President Hage Geingob has told his ministers that the actions of a few corrupt officials have tainted the name of the country.
Geingob made these remarks during this year’s last Cabinet session in Windhoek on Friday.
“You may recall that during the town hall meetings, the issue of corruption was only raised twice,” said Geingob.
“This is why I believe that corruption is not systemic in Namibia, but perceptions have been created that Namibia is a corrupt society,” he added.
“Nevertheless, we admit that although corruption is not systemic in Namibia, the actions of a few corrupt officials have tainted the name of our country.”
According the Head of State, it is important for public service officials to emphasize that corruption in any form, including kickbacks, or percentage commission for the amount of contracts, is unacceptable.
The President’s comments come at a time when two of his ministers, Bernardt Esau who was in charge of fisheries and marine resources and Sackey Shanghala the former justice minister, were arrested on allegations of corruption, money laundering and receiving bribes worth N$150 million in exchange for fish in the Namibian sea.

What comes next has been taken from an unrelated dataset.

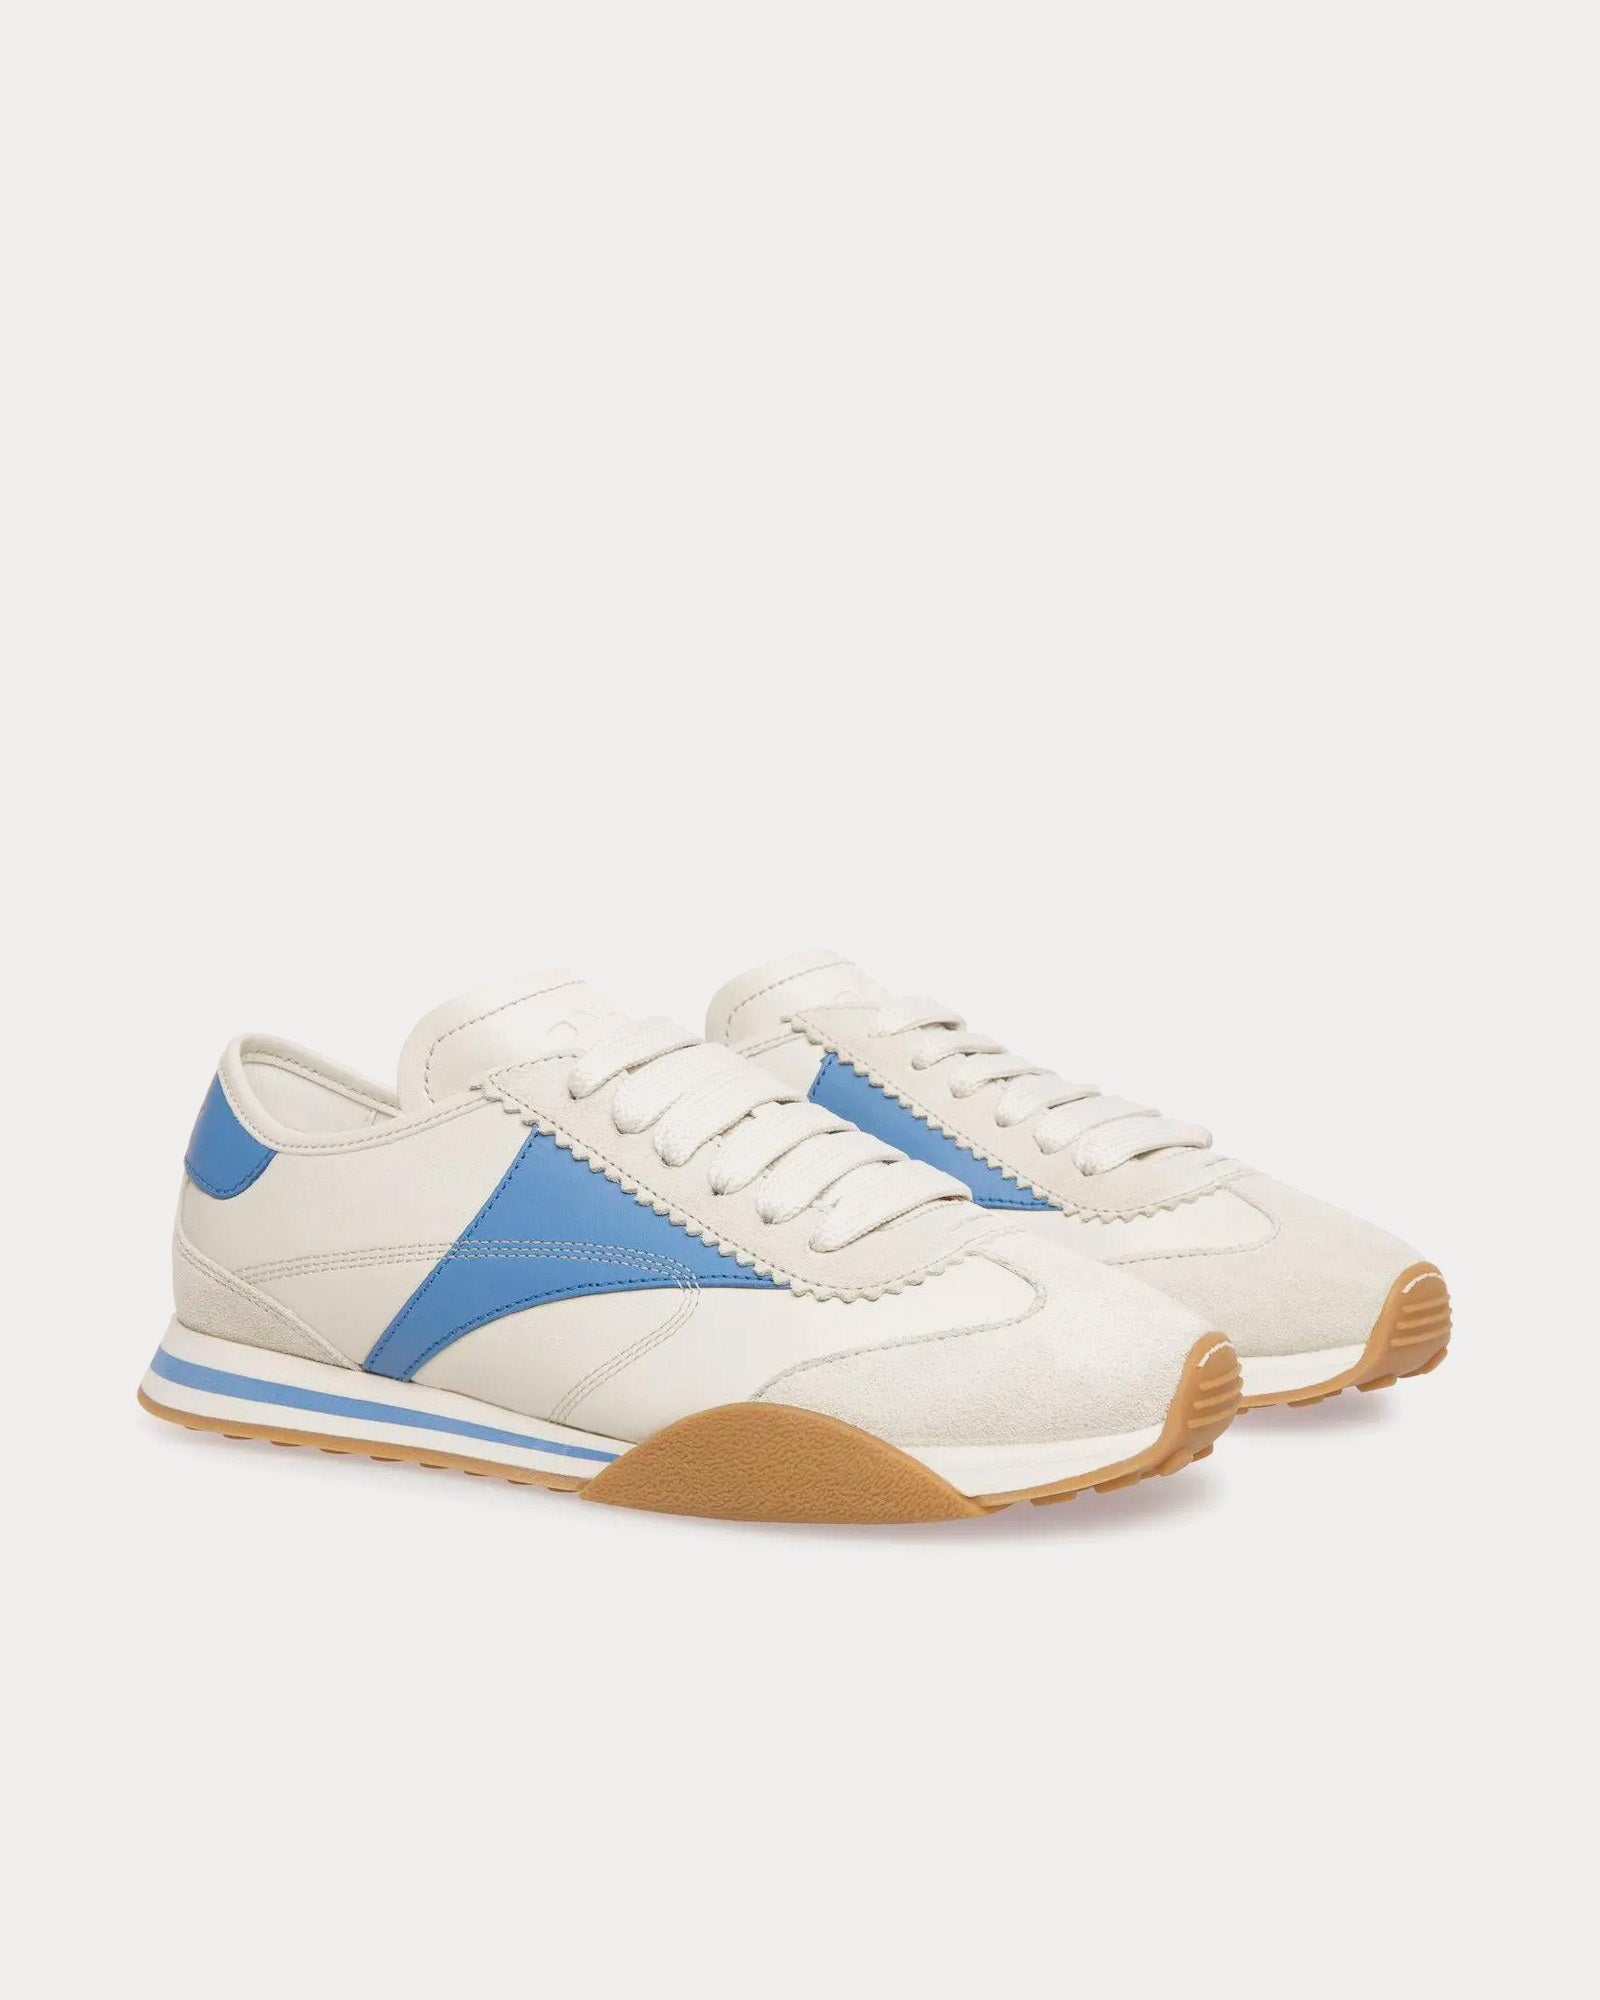 Bally - Sussex Leather Dusty White / Blue Low Top Sneakers

The ruling Swapo party has since removed the names of the two politicians from its list of parliamentarians in the 2020-2025 National Assembly.
“We are aware of the current corruption storm in the fishing sector which has coincided with the build up to the Presidential and National Assembly Elections.
“We have seen the anger of the people, especially those who have had their livelihoods destroyed as a result of corrupt practices.”
Geingob further told the ministers including the Swapo secretary-general Sophia Shaningwa that: “Anybody would be angry and this has been a wakeup call for us to re-double our efforts to promote greater accountability and transparency across all sectors of government.”
The fact is, he noted, those involved in the infamous fishing sector corruption case are no longer ministers and their offices are now open so that proper investigations can take place.
“As a law-abiding society, we believe in processes, systems and institutions and for this reason, we will allow those implicated to be tried under due process of the law. “
Geingob further stated that it is pertinent that Namibia must work on a law which will clearly define election donations and campaign contributions to political parties in order to eliminate the grey area in “which we currently operate”.